Your objective: Which lines in the records below hold the word "have"? Copy each of them.

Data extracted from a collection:
========

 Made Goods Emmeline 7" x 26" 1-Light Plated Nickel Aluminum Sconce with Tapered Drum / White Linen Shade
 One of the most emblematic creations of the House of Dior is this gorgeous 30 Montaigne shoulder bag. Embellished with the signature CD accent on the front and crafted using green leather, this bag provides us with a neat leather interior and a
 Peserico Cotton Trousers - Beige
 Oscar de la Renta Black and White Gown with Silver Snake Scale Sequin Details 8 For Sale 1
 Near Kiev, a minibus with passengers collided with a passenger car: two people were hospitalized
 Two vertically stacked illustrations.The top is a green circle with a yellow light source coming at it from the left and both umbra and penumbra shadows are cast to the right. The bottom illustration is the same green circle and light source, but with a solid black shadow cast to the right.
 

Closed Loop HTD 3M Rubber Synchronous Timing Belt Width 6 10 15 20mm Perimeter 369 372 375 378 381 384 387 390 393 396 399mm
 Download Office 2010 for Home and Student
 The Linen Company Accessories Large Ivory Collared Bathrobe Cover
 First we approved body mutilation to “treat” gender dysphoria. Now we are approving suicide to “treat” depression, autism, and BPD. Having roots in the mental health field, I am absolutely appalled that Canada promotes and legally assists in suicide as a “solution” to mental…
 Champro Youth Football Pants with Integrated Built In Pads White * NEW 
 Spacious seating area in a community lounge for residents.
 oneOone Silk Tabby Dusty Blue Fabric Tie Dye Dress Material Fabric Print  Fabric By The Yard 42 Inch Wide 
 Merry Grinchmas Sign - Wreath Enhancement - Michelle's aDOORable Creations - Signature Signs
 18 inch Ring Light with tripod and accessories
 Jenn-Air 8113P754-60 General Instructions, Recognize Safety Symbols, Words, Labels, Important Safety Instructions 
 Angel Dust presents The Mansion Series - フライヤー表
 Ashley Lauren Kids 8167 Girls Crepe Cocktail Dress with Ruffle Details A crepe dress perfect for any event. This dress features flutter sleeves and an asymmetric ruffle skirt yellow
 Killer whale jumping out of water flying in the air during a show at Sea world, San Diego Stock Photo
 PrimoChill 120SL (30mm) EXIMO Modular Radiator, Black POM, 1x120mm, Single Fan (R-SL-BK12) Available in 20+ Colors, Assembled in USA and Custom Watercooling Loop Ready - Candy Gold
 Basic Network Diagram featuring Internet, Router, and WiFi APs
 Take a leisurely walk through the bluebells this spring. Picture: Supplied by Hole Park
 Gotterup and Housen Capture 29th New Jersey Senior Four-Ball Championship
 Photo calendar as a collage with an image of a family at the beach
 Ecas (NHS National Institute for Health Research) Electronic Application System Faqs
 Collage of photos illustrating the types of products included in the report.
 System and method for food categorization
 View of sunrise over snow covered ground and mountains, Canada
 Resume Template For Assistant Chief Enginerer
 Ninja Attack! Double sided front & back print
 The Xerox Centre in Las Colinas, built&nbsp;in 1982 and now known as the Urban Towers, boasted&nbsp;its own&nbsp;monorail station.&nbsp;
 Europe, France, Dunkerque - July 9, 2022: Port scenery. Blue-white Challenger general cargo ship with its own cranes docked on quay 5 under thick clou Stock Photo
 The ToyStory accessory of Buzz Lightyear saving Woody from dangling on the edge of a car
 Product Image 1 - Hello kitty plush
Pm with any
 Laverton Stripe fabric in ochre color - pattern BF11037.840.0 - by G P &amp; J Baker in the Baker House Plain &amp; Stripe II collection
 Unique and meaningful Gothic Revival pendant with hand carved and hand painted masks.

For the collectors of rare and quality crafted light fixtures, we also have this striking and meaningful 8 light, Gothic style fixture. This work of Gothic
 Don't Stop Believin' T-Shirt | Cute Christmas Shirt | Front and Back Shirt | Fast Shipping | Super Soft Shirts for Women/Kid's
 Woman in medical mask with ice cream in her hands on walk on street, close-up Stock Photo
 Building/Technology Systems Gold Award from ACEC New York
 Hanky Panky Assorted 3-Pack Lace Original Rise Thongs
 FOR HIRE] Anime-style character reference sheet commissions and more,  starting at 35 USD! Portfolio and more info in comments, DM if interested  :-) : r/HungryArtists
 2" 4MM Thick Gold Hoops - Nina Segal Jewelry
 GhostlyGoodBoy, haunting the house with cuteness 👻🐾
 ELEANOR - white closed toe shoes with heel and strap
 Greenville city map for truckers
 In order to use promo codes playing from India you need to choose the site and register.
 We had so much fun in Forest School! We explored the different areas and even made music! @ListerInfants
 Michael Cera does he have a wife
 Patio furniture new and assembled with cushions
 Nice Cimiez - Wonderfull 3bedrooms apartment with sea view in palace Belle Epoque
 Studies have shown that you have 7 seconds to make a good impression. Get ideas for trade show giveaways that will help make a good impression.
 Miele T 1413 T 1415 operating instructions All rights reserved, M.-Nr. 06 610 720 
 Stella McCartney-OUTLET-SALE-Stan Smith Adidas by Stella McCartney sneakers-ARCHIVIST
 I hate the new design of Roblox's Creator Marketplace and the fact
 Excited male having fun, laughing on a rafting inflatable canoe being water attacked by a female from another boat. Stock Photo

========

Written solution:
For the collectors of rare and quality crafted light fixtures, we also have this striking and meaningful 8 light, Gothic style fixture. This work of Gothic
 Michael Cera does he have a wife
 Studies have shown that you have 7 seconds to make a good impression. Get ideas for trade show giveaways that will help make a good impression.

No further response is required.